Dividend on Death is the first Michael Shayne novel by Brett Halliday. In it, eighteen-year-old rich girl Phyllis Brighton tries to hire Shayne to protect her mother by watching Phyllis to ensure she doesn’t kill her. A psychologist wants Shayne to work for him for a similar reason. However, the mother is dead by the time Shayne arrives, and he takes on the task of sorting things out.
Having read many of the later Shayne books from the 1950s, I have to admit this book surprised me. The professional detective who is assisted by a loyal secretary and a reporter friend is nowhere to be seen in this book. Rather, he comes off as a bit of a poor man’s Sam Spade mixed with the roughneck redhead private eye that inspired Halliday to write Shayne. You don’t see much of the charm that made the best Lloyd Nolan Michael Shayne films so enjoyable. This book does explain what might have inspired the worst Nolan film, Dressed to Kill. In, Dividend on Death, Shayne is the uncharming, evidence-destroying oaf of that picture. There’s a sense that Halliday is trying too hard to be hard-boiled in his first detective novel.

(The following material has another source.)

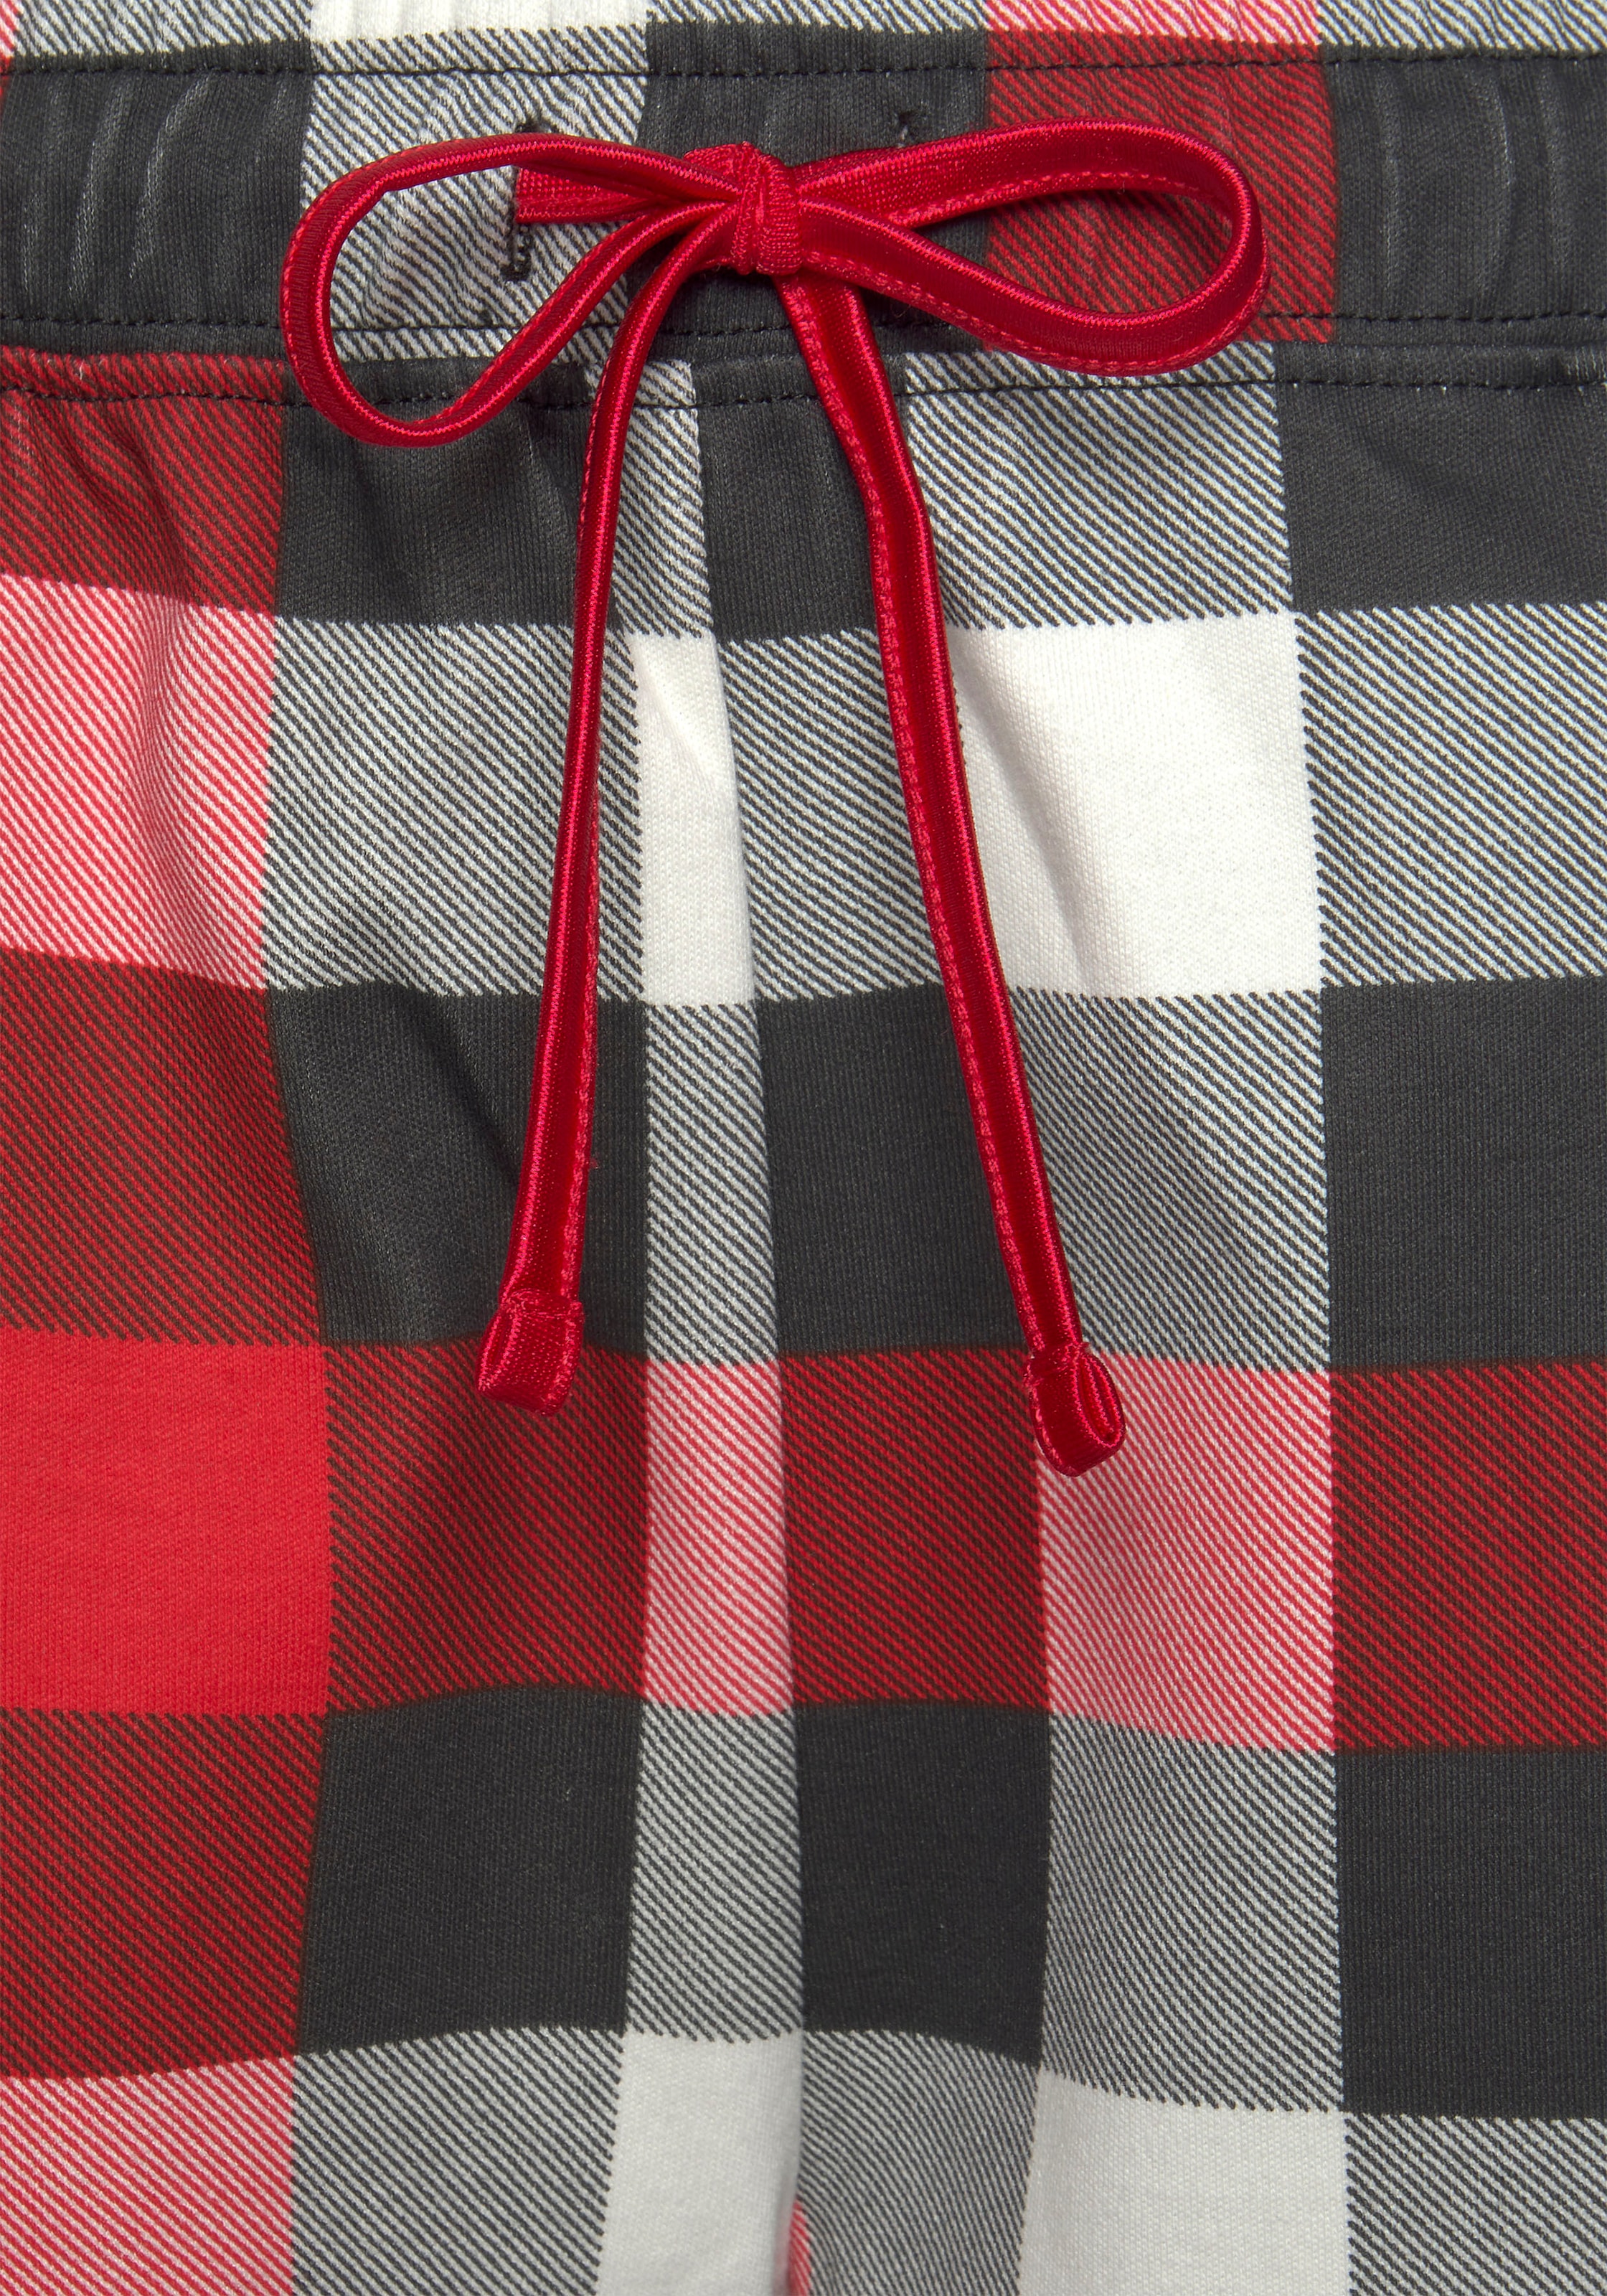 LASCANA Schlafanzug, (3 tlg., incl. Schlafmaske), mit Karodruck » LASCANA |  Bademode, Unterwäsche & Lingerie online kaufen

That’s not to say it’s all bad. The plot is quite intricate and the solution is clever. The story has some good moments that foreshadow the type of Shayne stories that would come in the future, but it’s not quite there yet. If you’ve read Shayne books before, it’s an interesting curiosity as to how the character began, but if you’re new to the character, I don’t recommend this as it may give a distorted view of what the series will be like.